## Exercise data
"""

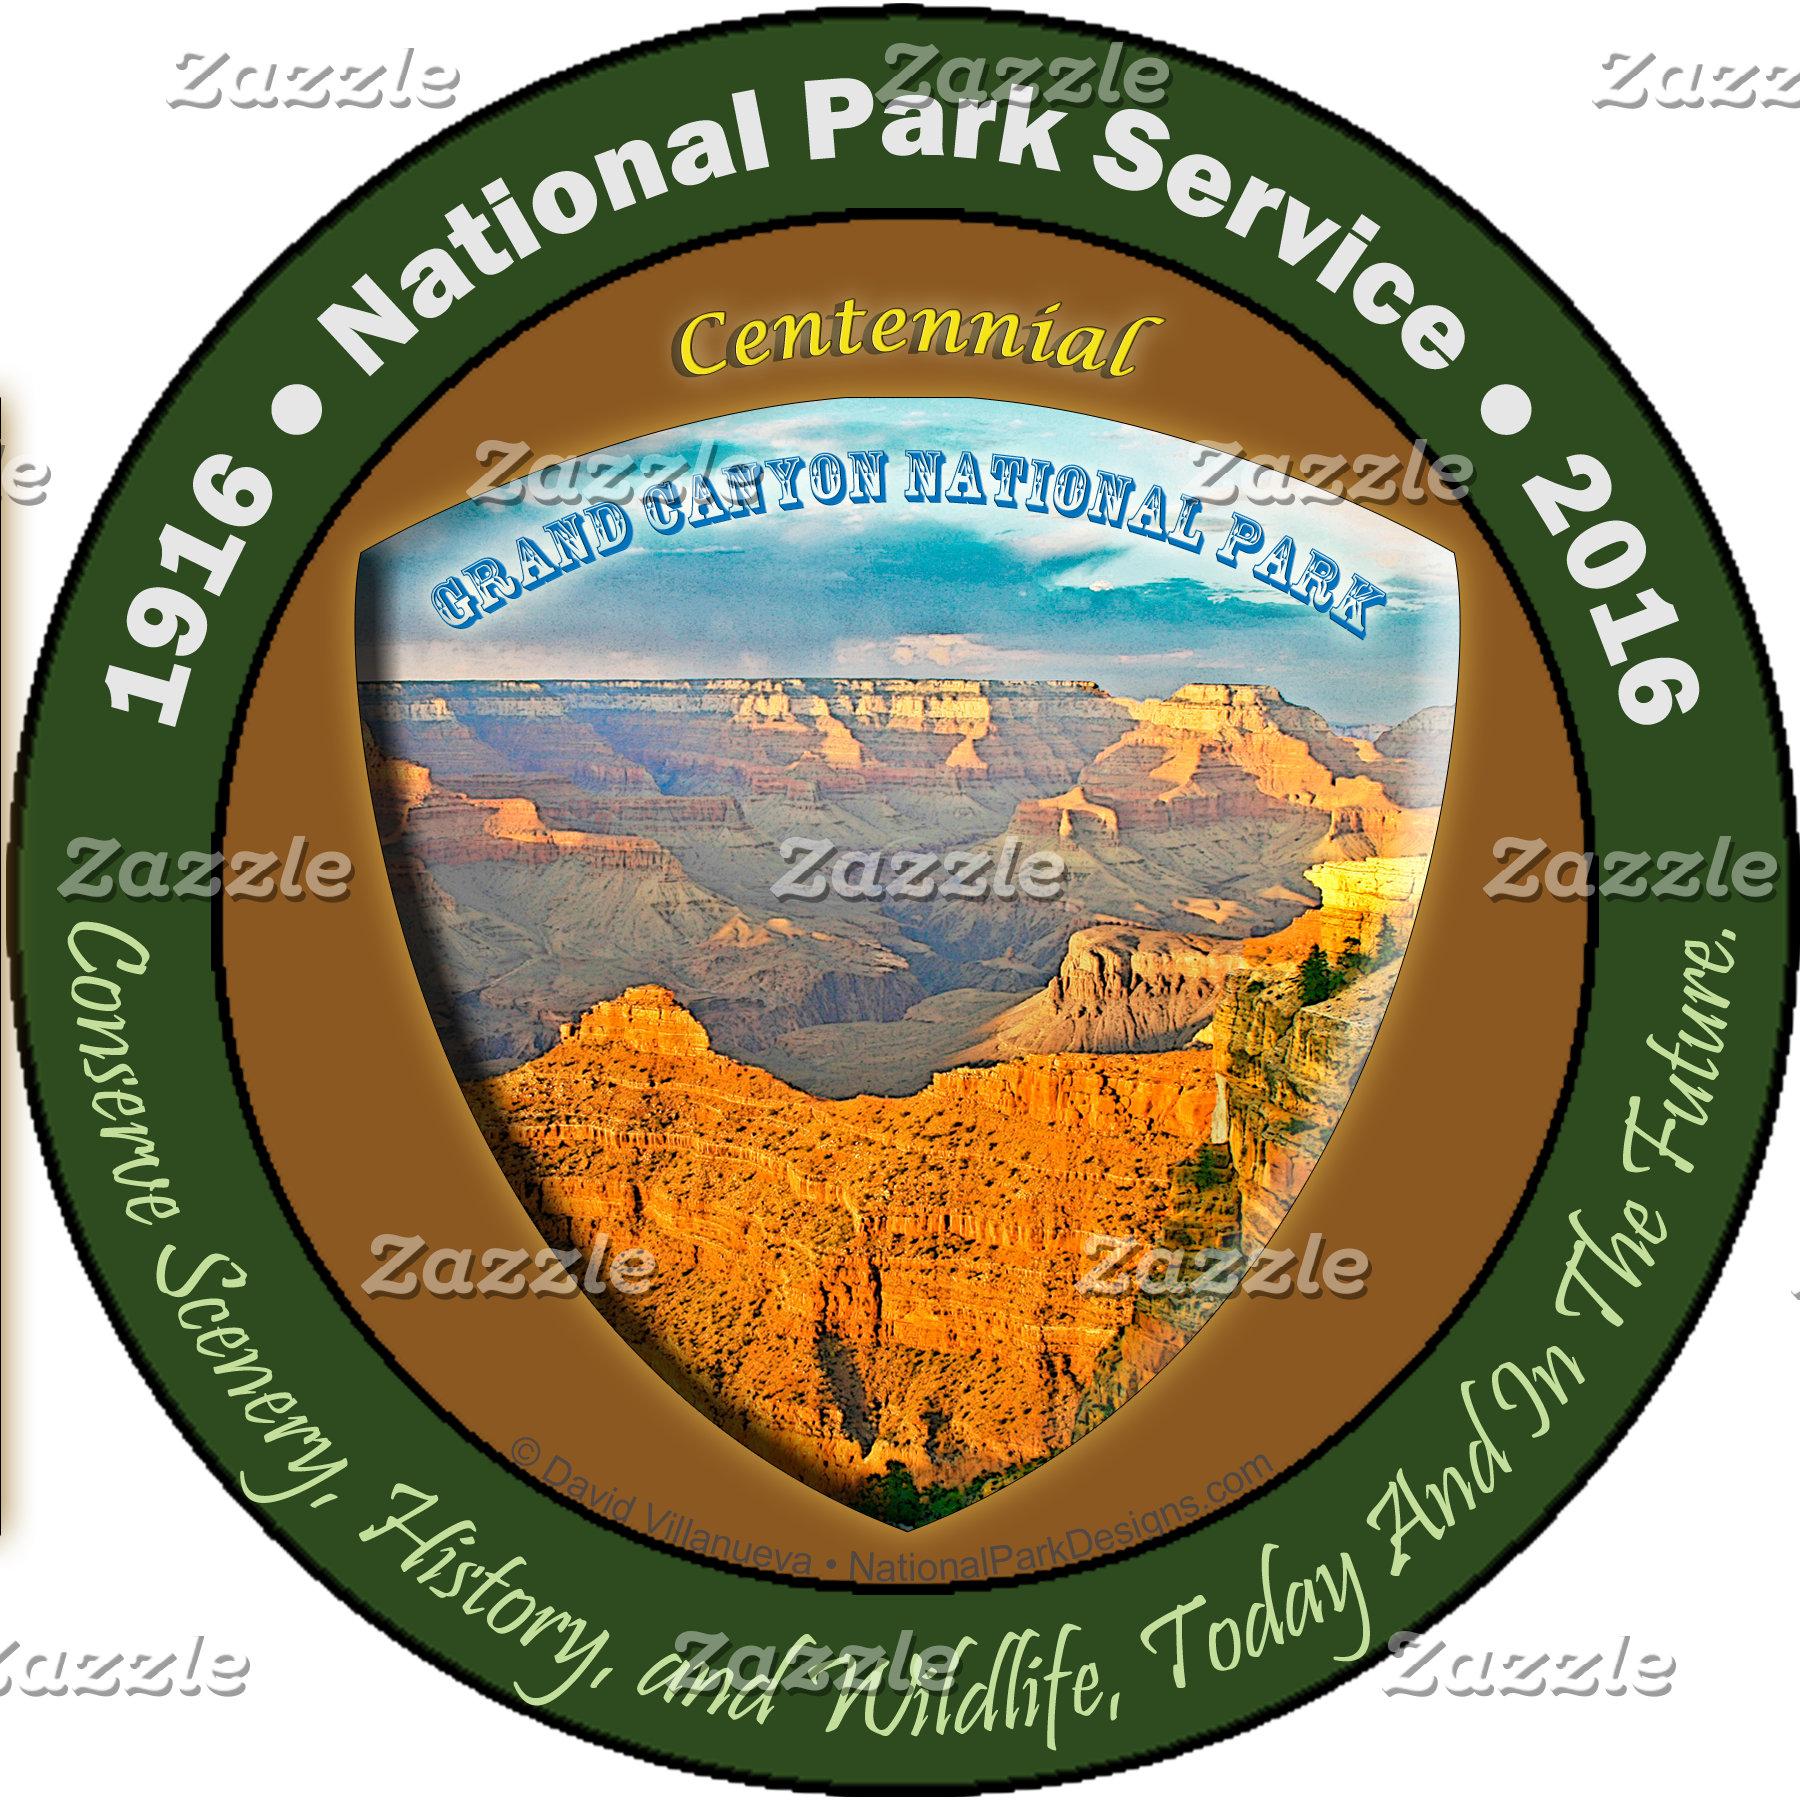 NPS Centennial - Grand Canyon View
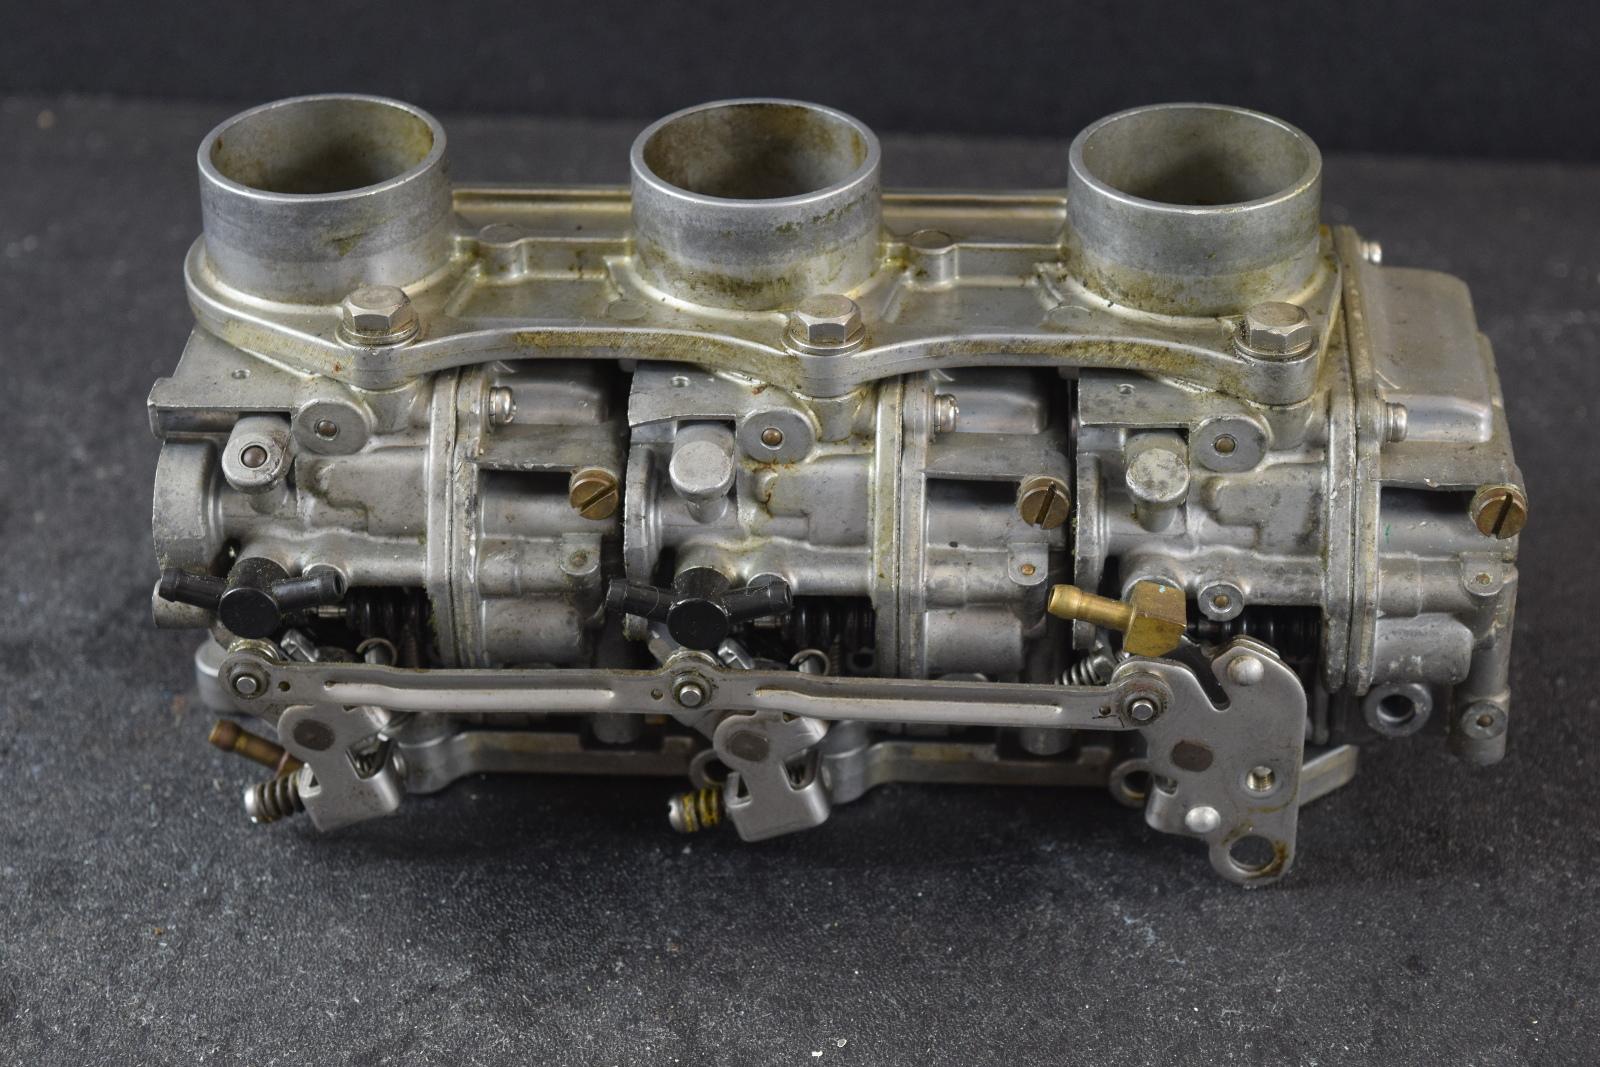 1984 25 hp Mercury timing
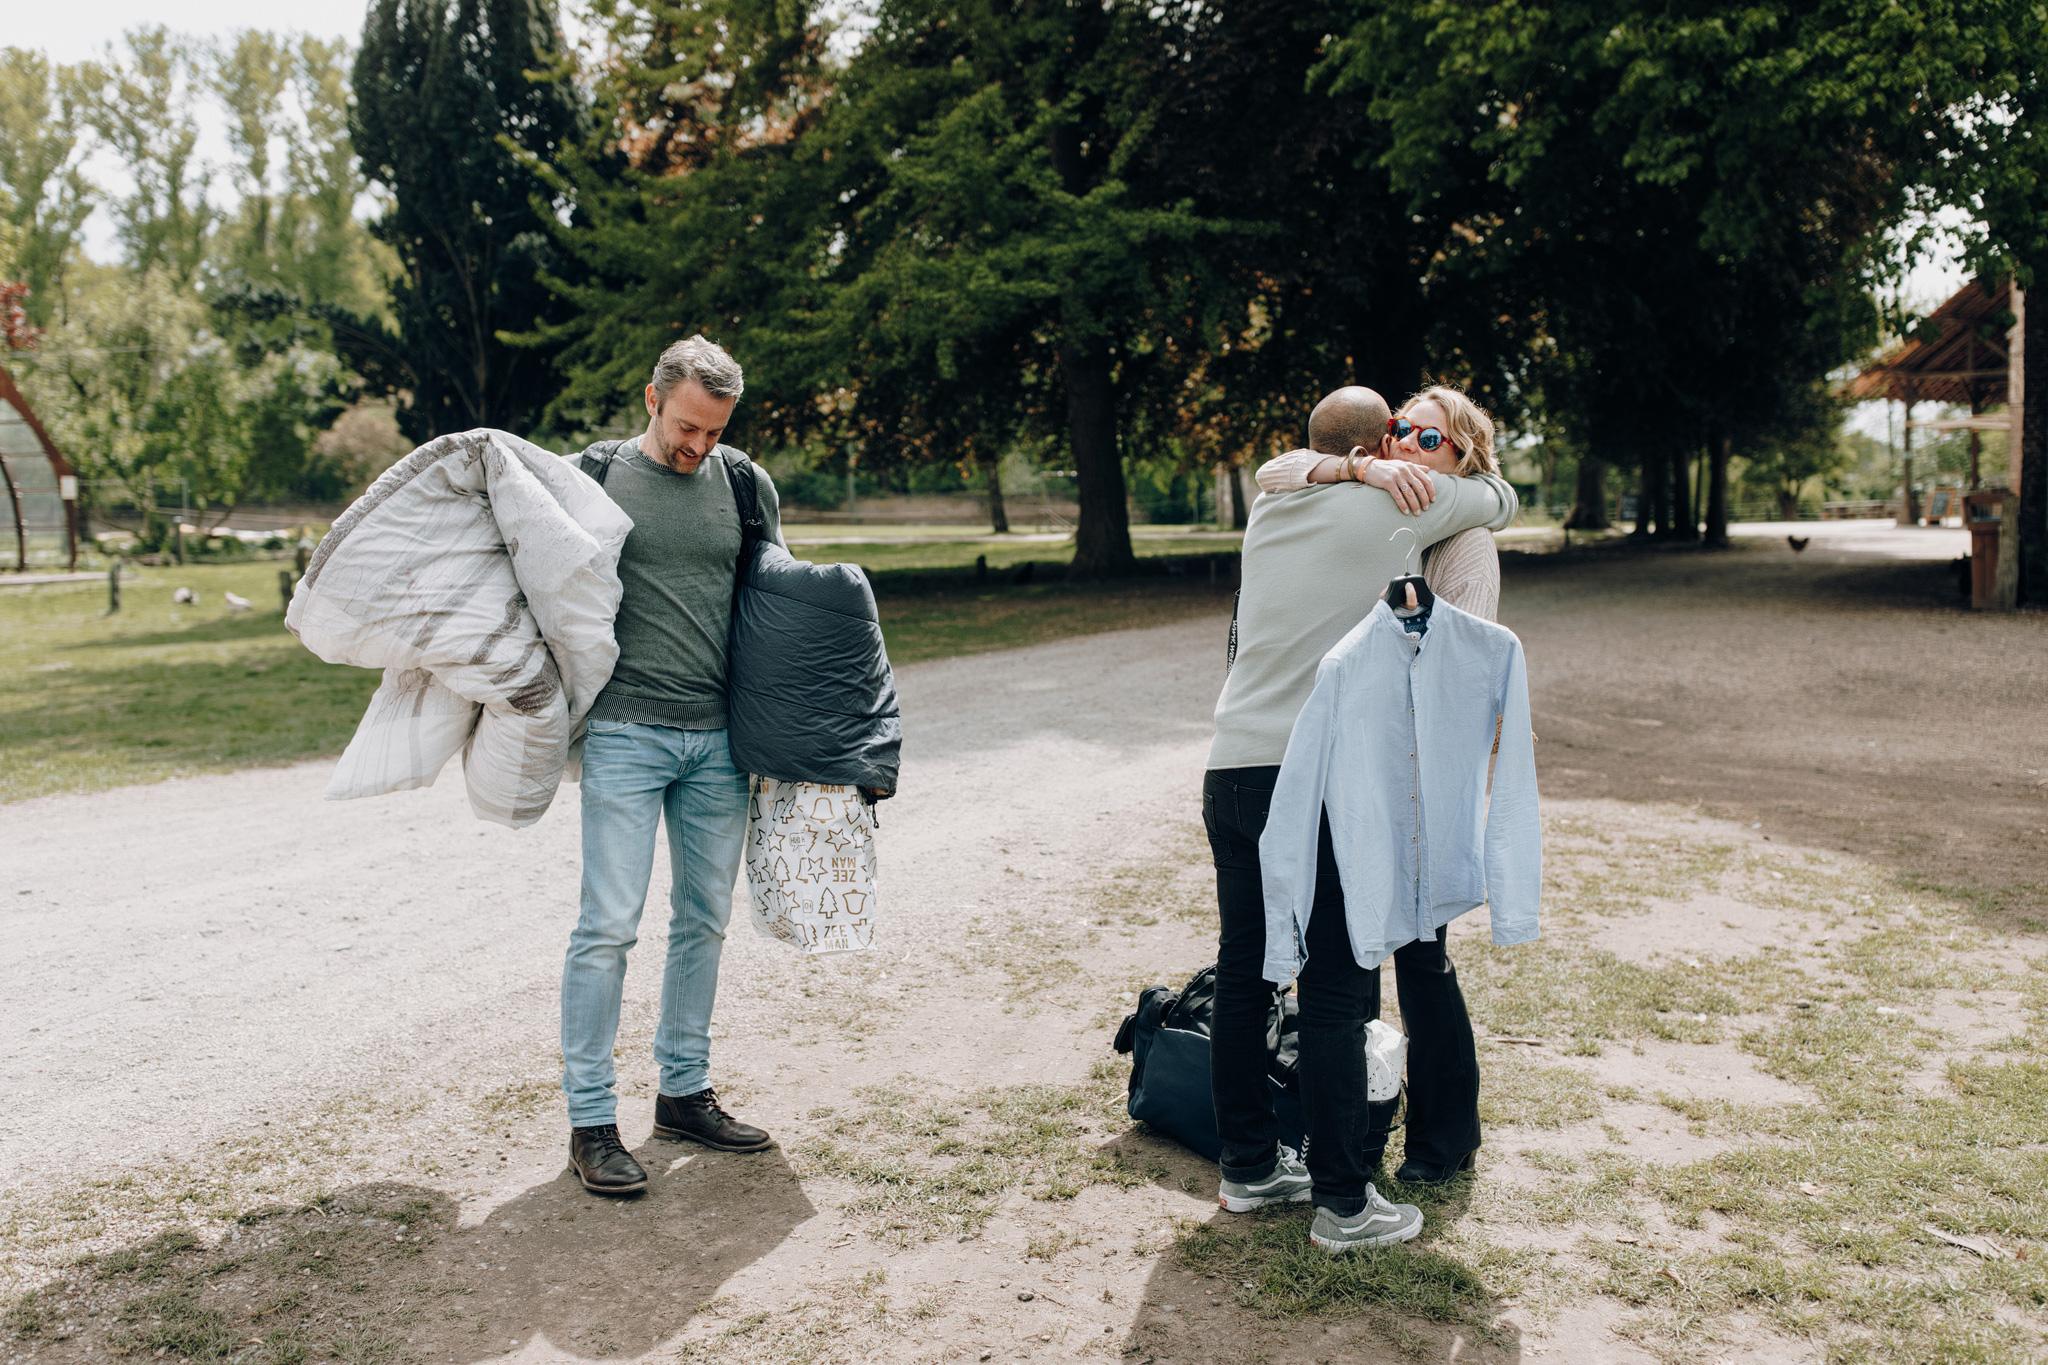 Bruidegom knuffelt gasten bij aankomst op Kloster Graefenthal

"""

## Work required
Pictures are to be left out. Otherwise, copy the material above exactly.

## Solution
 NPS Centennial - Grand Canyon View
 1984 25 hp Mercury timing
 Bruidegom knuffelt gasten bij aankomst op Kloster Graefenthal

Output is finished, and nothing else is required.